Cousin Vic sent a message to the Persicos. No way he was stepping down when Allie Boy was released. No way was he sharing the profit
s from his rackets with the Persicos. Those loyal to the Persicos would be shuffled off the goddamned mortal coil.
One of Orena’s key assets was capo Salvatore “Jersey Sal” Profaci, son of Joe, who ran Colombo business west of the Hudson. An FBI bug in a Jersey lawyer’s office caught Profaci discussing the reason for his loyalty. He said that Orena was capable, qualified, and a “beautiful person.” Carmine, on the other hand, was nuts, and wanted to do stupid things like talking to the press.
“He wants to be on 60 Minutes with Barbara Walters,” Jersey Sal said.
Just as some of the street gangs of Carmine’s youth had had two leaders, one for thinking and one for fighting, Carmine knew that, in order to win the upcoming internecine war, he was going to need a fighting leader, a general to lead the troops in a winning war effort. He chose the “Grim Reaper” Gregory Scarpa.

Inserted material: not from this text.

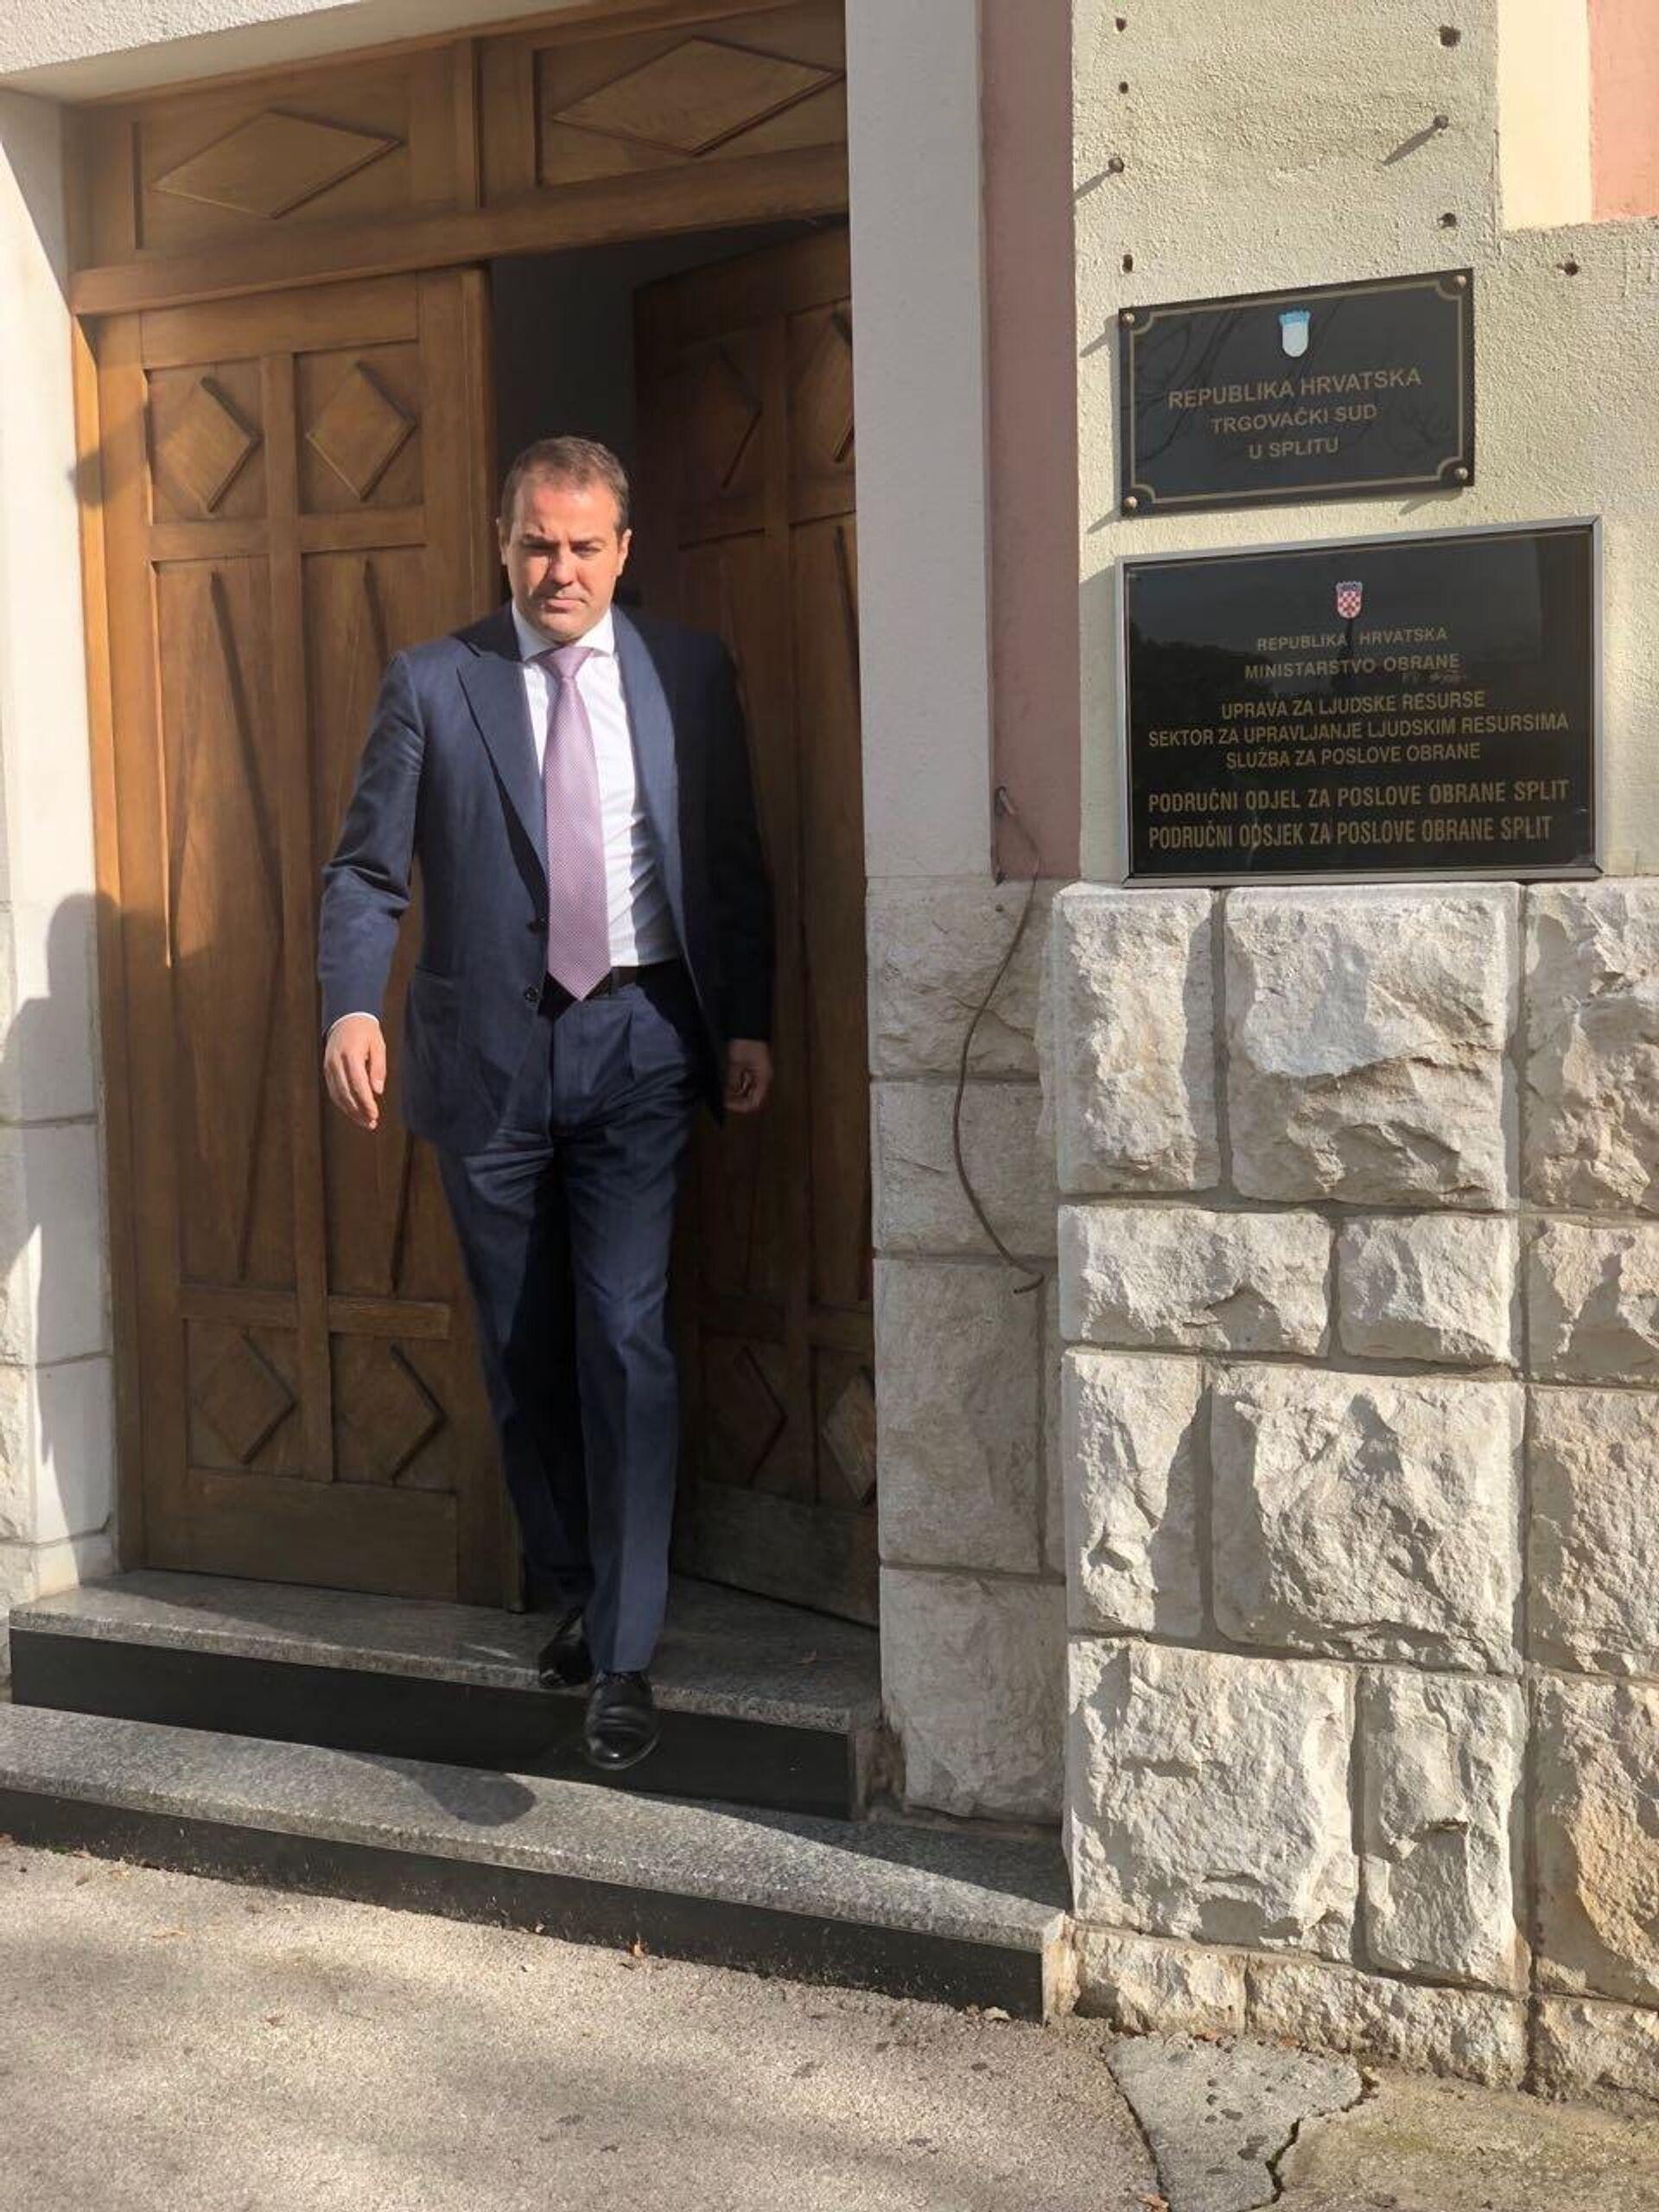 advokat Ivan Simić - Sputnik Srbija, 1920, 18.09.2021

The first salvo, not counting Sessa’s aborted attempt to kill Orena himself, came on November 18, 1991, when Orena capo William “Billy Fingers” Cutolo sent a team, including Michael “Mikey Spats” Spataro and Joseph Campanella, to kill Scarpa. Take out Carmine’s top gun, the thinking went, and his army lost its generalissimo.
After three days of being watched and followed, Scarpa was ambushed in his car, with his daughter and granddaughter in a car directly behind him, but despite a hail of bullets, everyone was okay. According to daughter Linda Scarpa, twenty-two years old at the time, she followed her father’s car out of the driveway and noticed a van speeding down the block.